Exercise 26.30 (Ethics) A club's data science team has developed an injury risk model that can predict with reasonable accuracy which players are likely to suffer season-ending injuries within the next 12 months. The club's director of football asks the team to provide these predictions for contract negotiation purposes (to avoid extending contracts of high-risk players).

(a) Identify the ethical concerns with this request. (b) Propose guidelines for the appropriate use of injury prediction data. (c) Discuss how player unions and collective bargaining agreements might address this issue. (d) Consider the analogy with genetic testing in employment/insurance contexts.

Exercise 26.31 (Capstone) Design a complete injury prevention analytics program for a newly promoted Premier League club.

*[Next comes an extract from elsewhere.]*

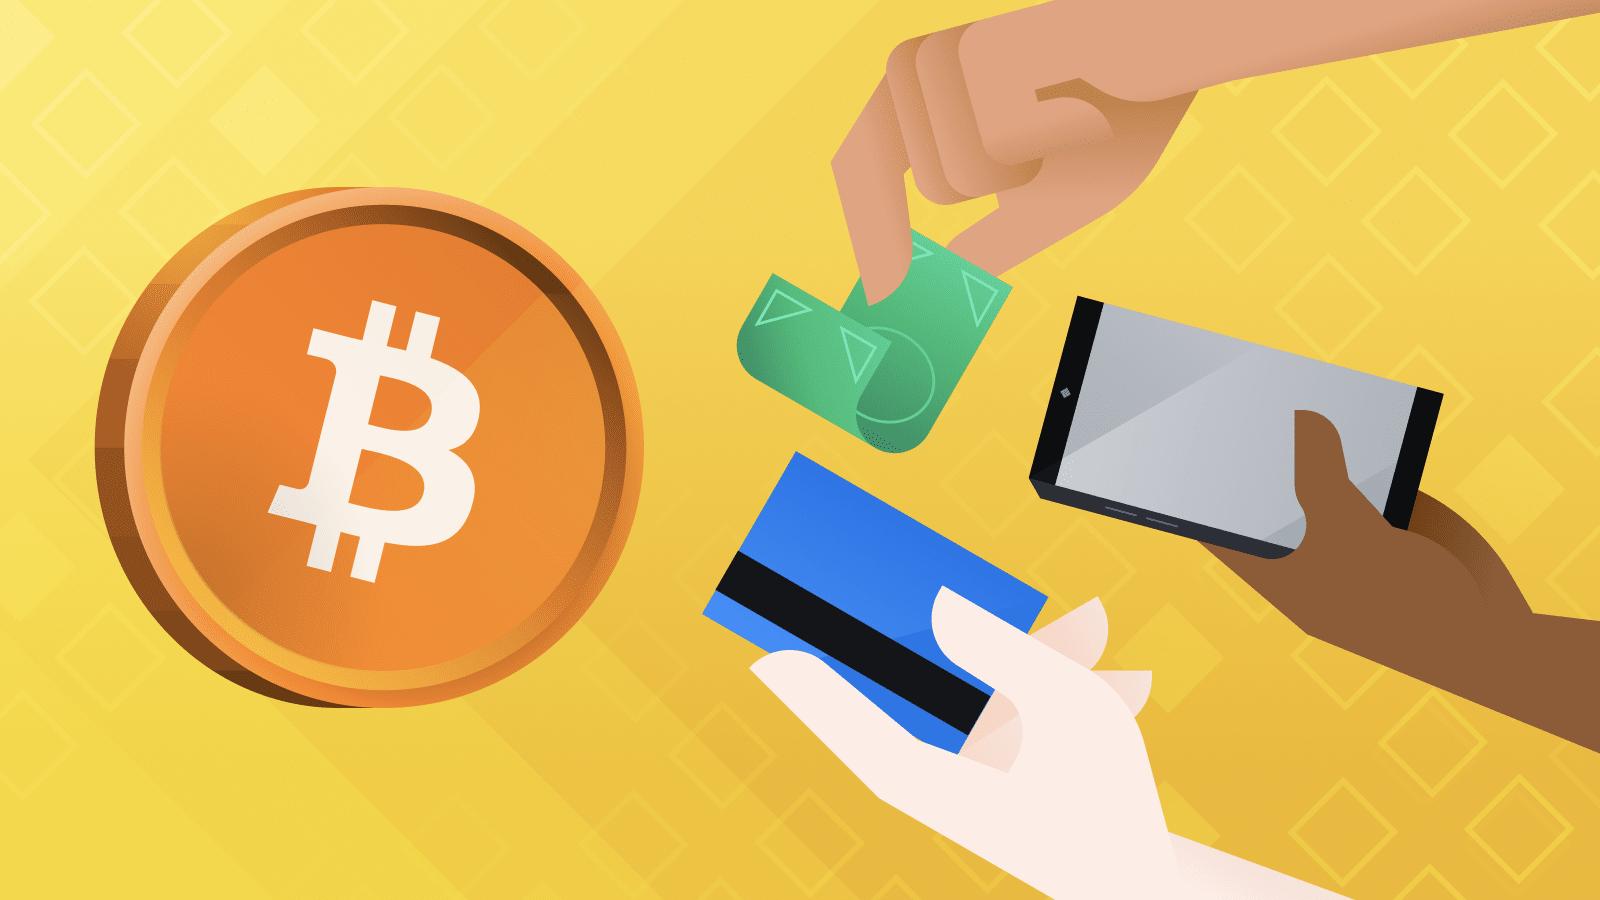 Sell bitcoins blockchain premier sports betting ghana

Your proposal should cover: (a) Data collection infrastructure (hardware, software, processes). (b) Staffing requirements (roles, qualifications, reporting structure). (c) Key metrics and KPIs for the program. (d) A phased implementation plan (Year 1, Year 2, Year 3). (e) Expected costs and projected benefits (injury reduction, financial savings). (f) How you would measure the program's success.

Exercise 26.32 (Research) Write a 1,000-word literature review on one of the following topics: (a) The predictive validity of the ACWR for injury in professional soccer. (b) Machine learning approaches to injury prediction: promises and pitfalls. (c) The role of psychological factors in injury risk and recovery. (d) Sleep and recovery in elite soccer: current evidence and practical recommendations.

Include at least 8 peer-reviewed references.